WORK TO BE COMPLETED - Could you copy exactly the lines from the one containing "Two iced glasses" through the last line of the records below, leaving out any pictures?

========================================================================

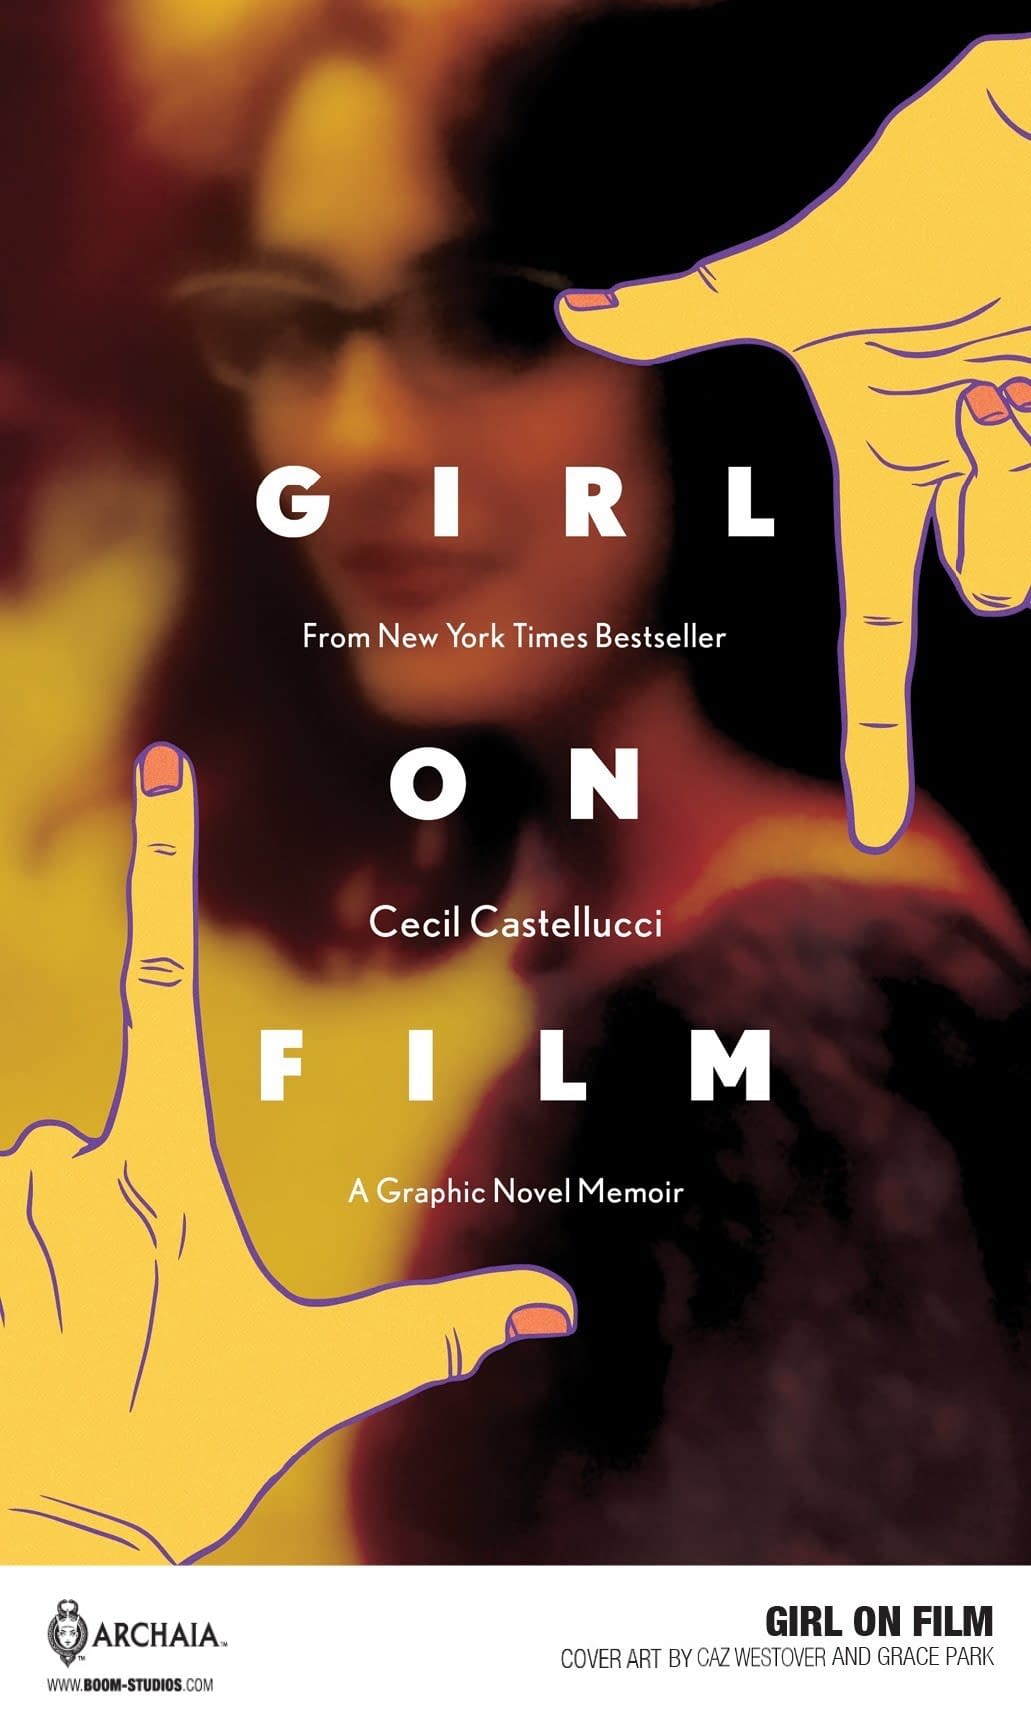 First Look at Cecil Castellucci's Girl on Film
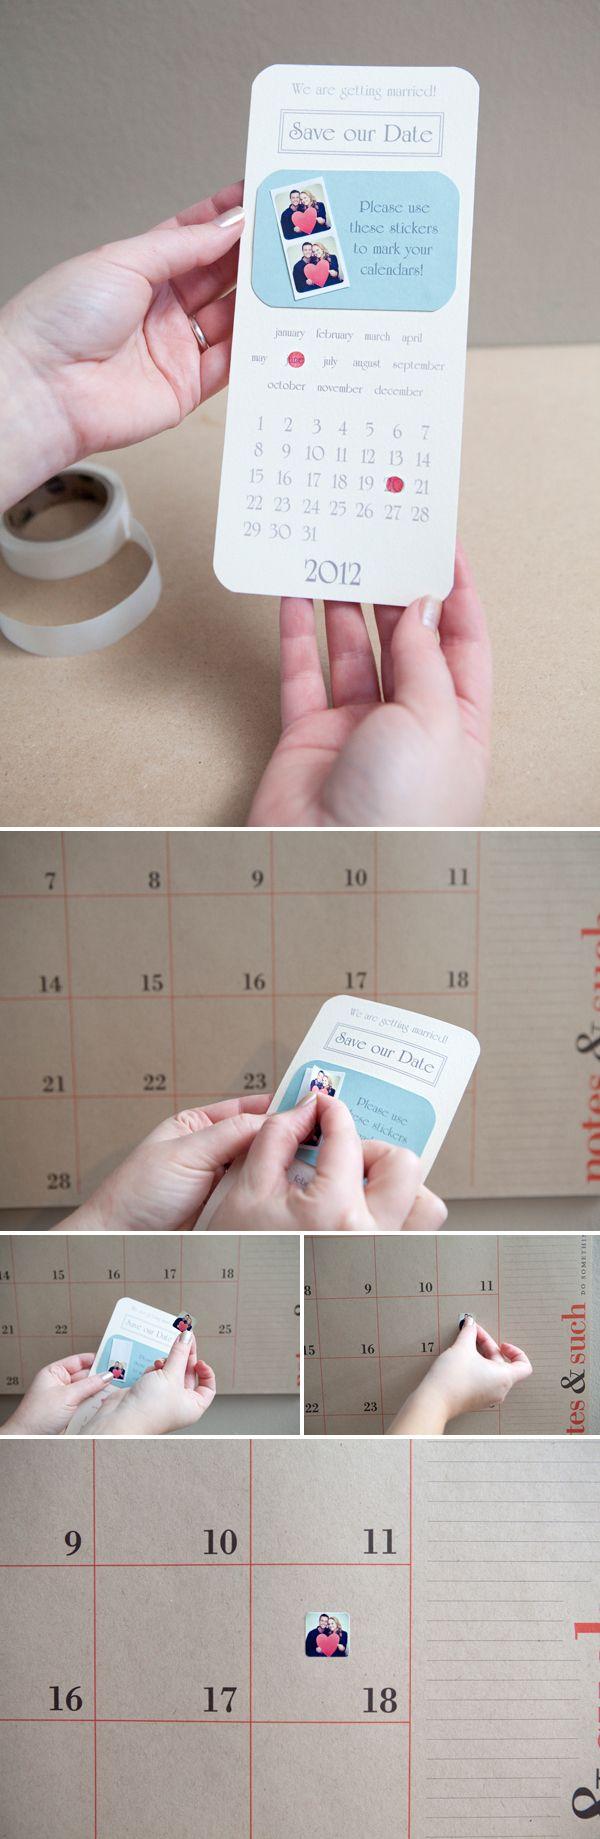 Wedding - How To Make Super Cute DIY Instagram Save The Date Invitations!
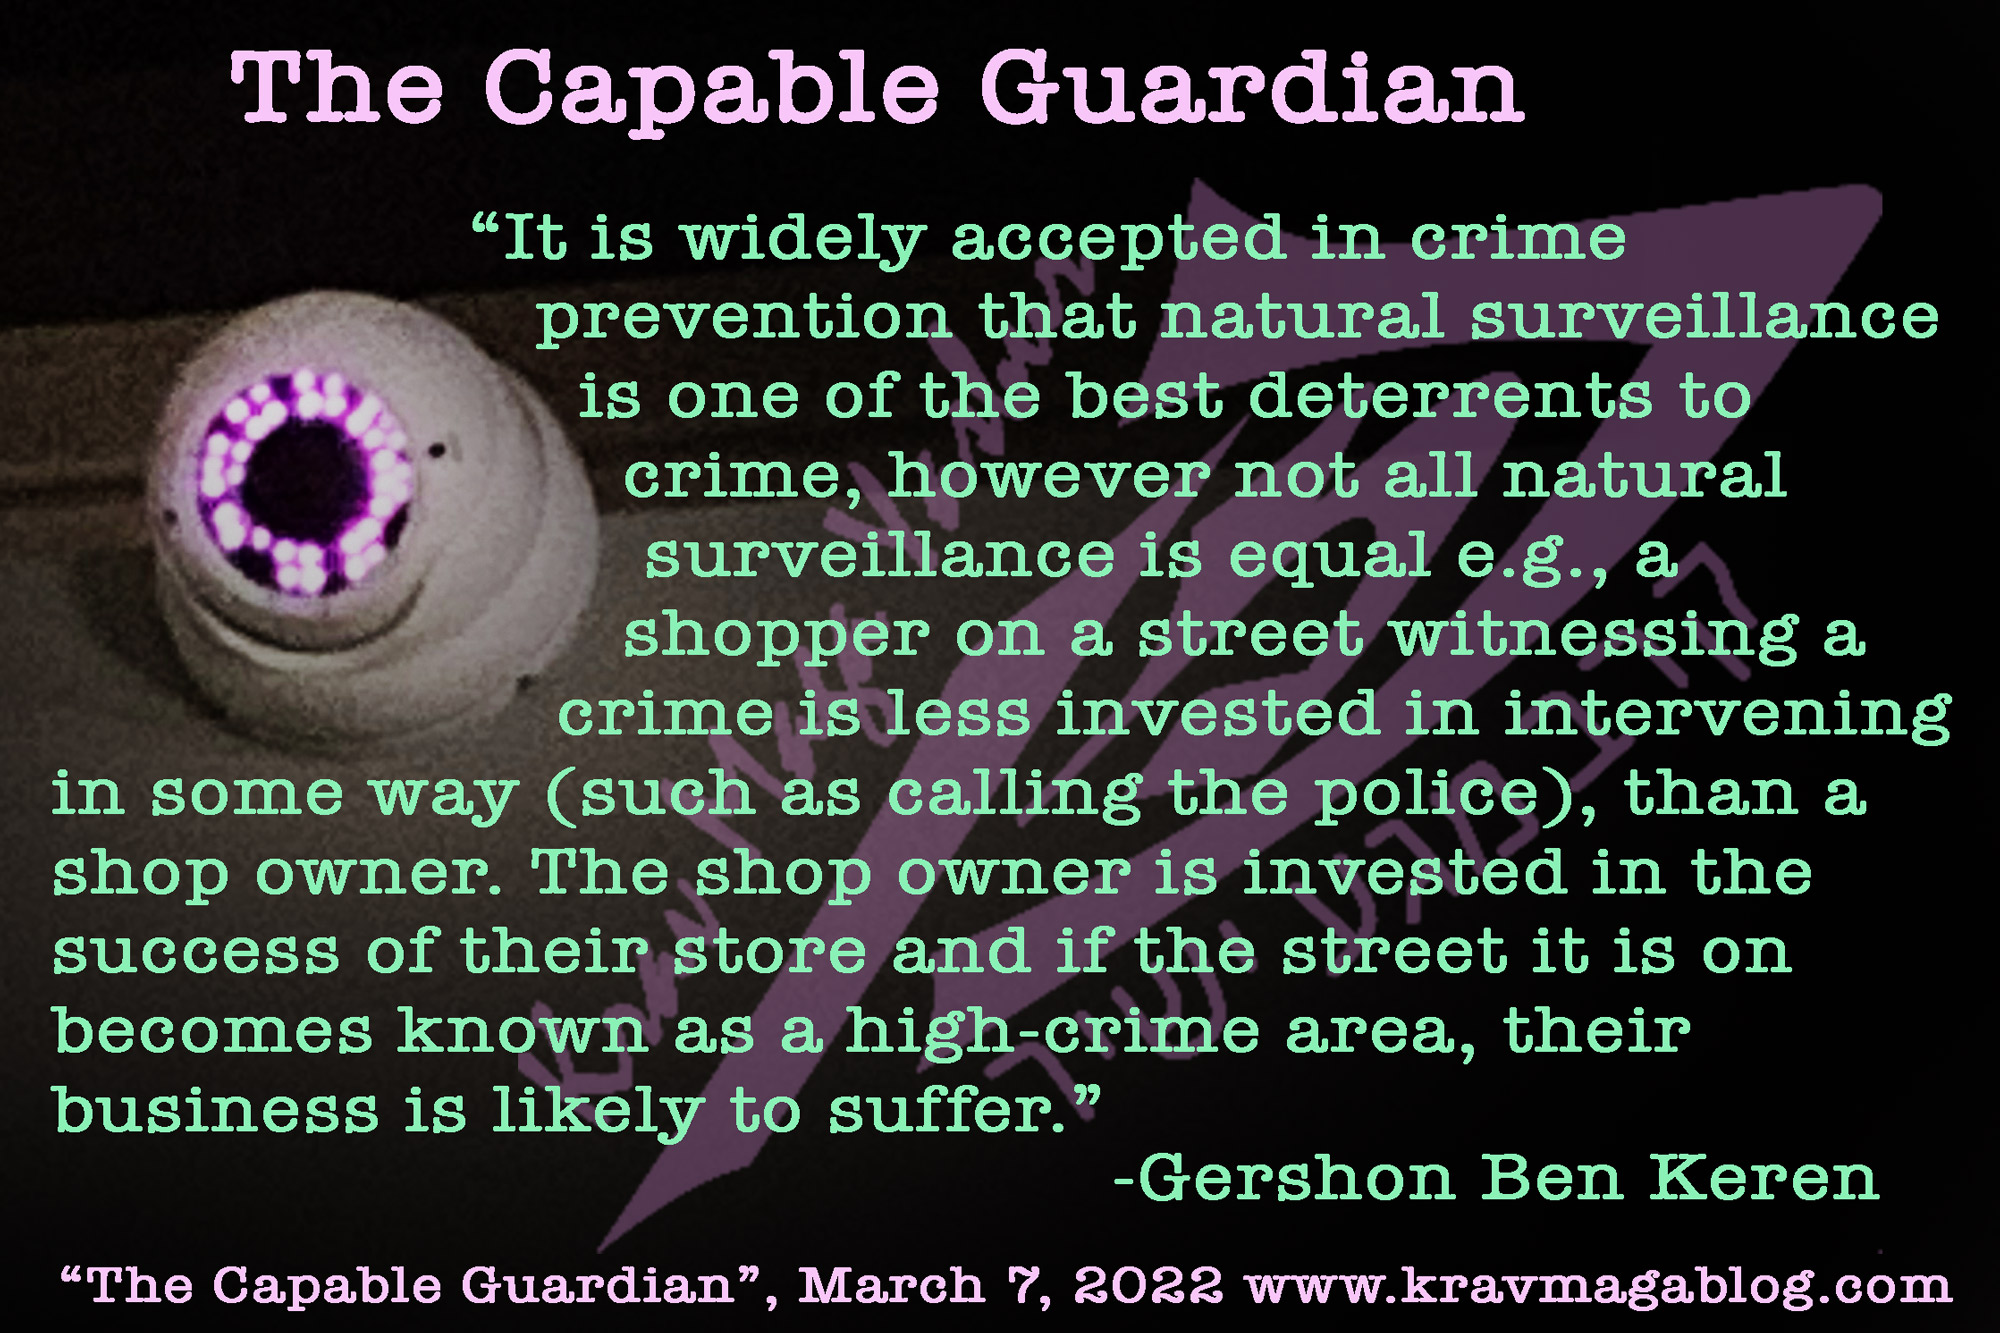 Blog About The Capable Guardian
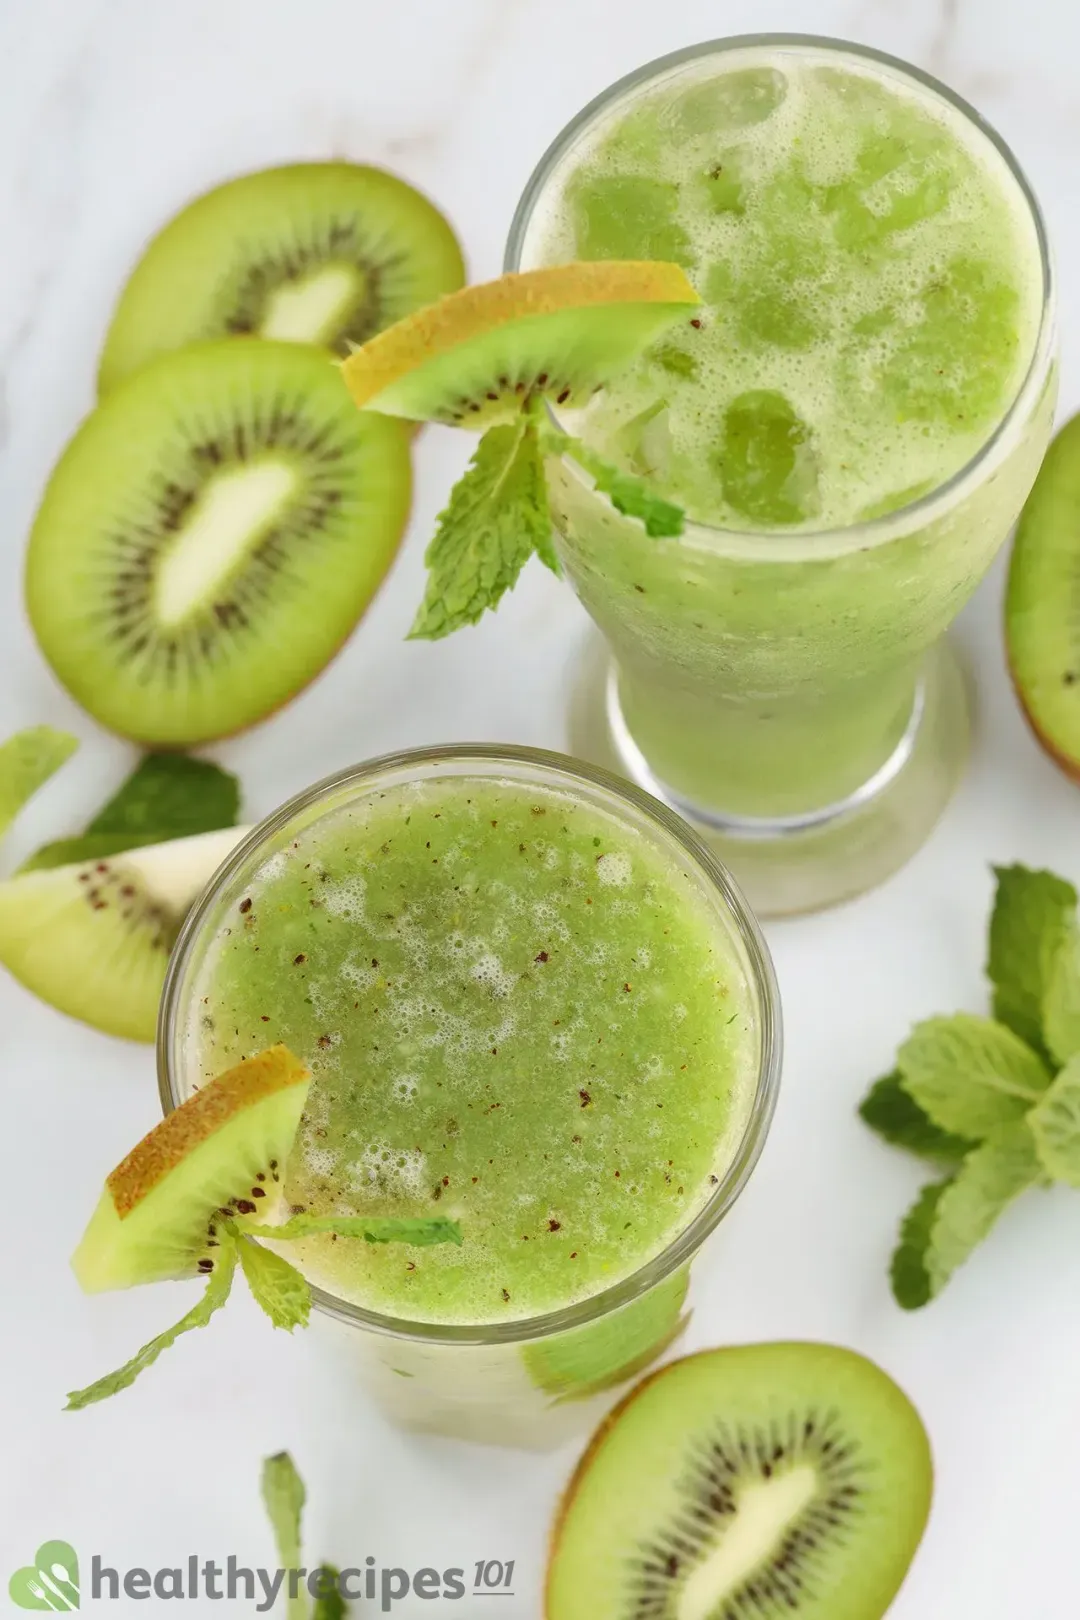 Two iced glasses of kiwi juice, garnished with lots of kiwis in different shapes
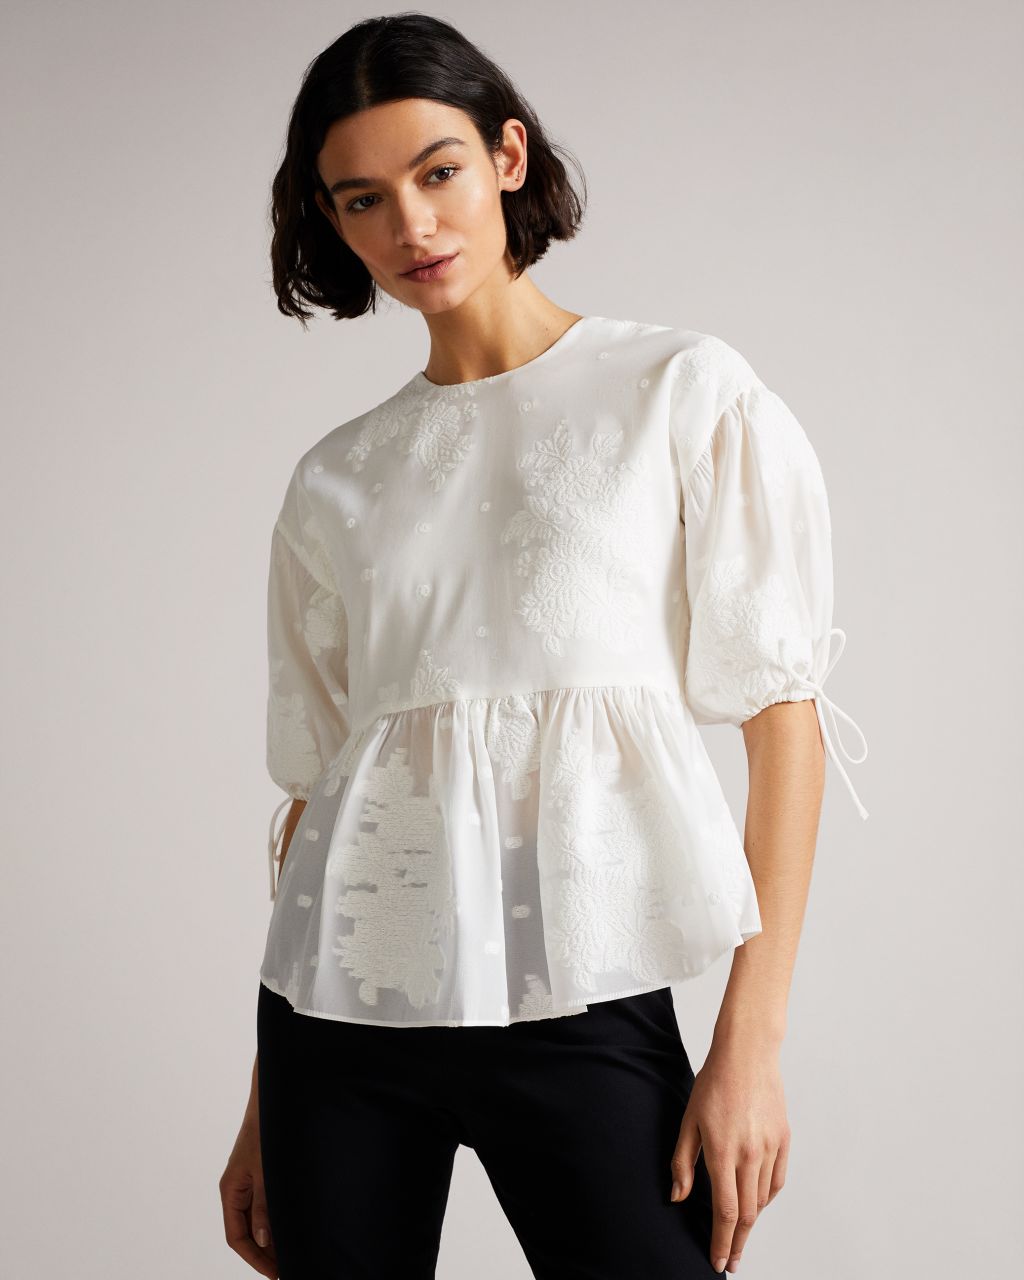 Ted Baker Women's Exaggerated Puff Sleeve Top in White, Karni, Cotton

========================================================================

WRITTEN ANSWER -
 Two iced glasses of kiwi juice, garnished with lots of kiwis in different shapes
 Ted Baker Women's Exaggerated Puff Sleeve Top in White, Karni, Cotton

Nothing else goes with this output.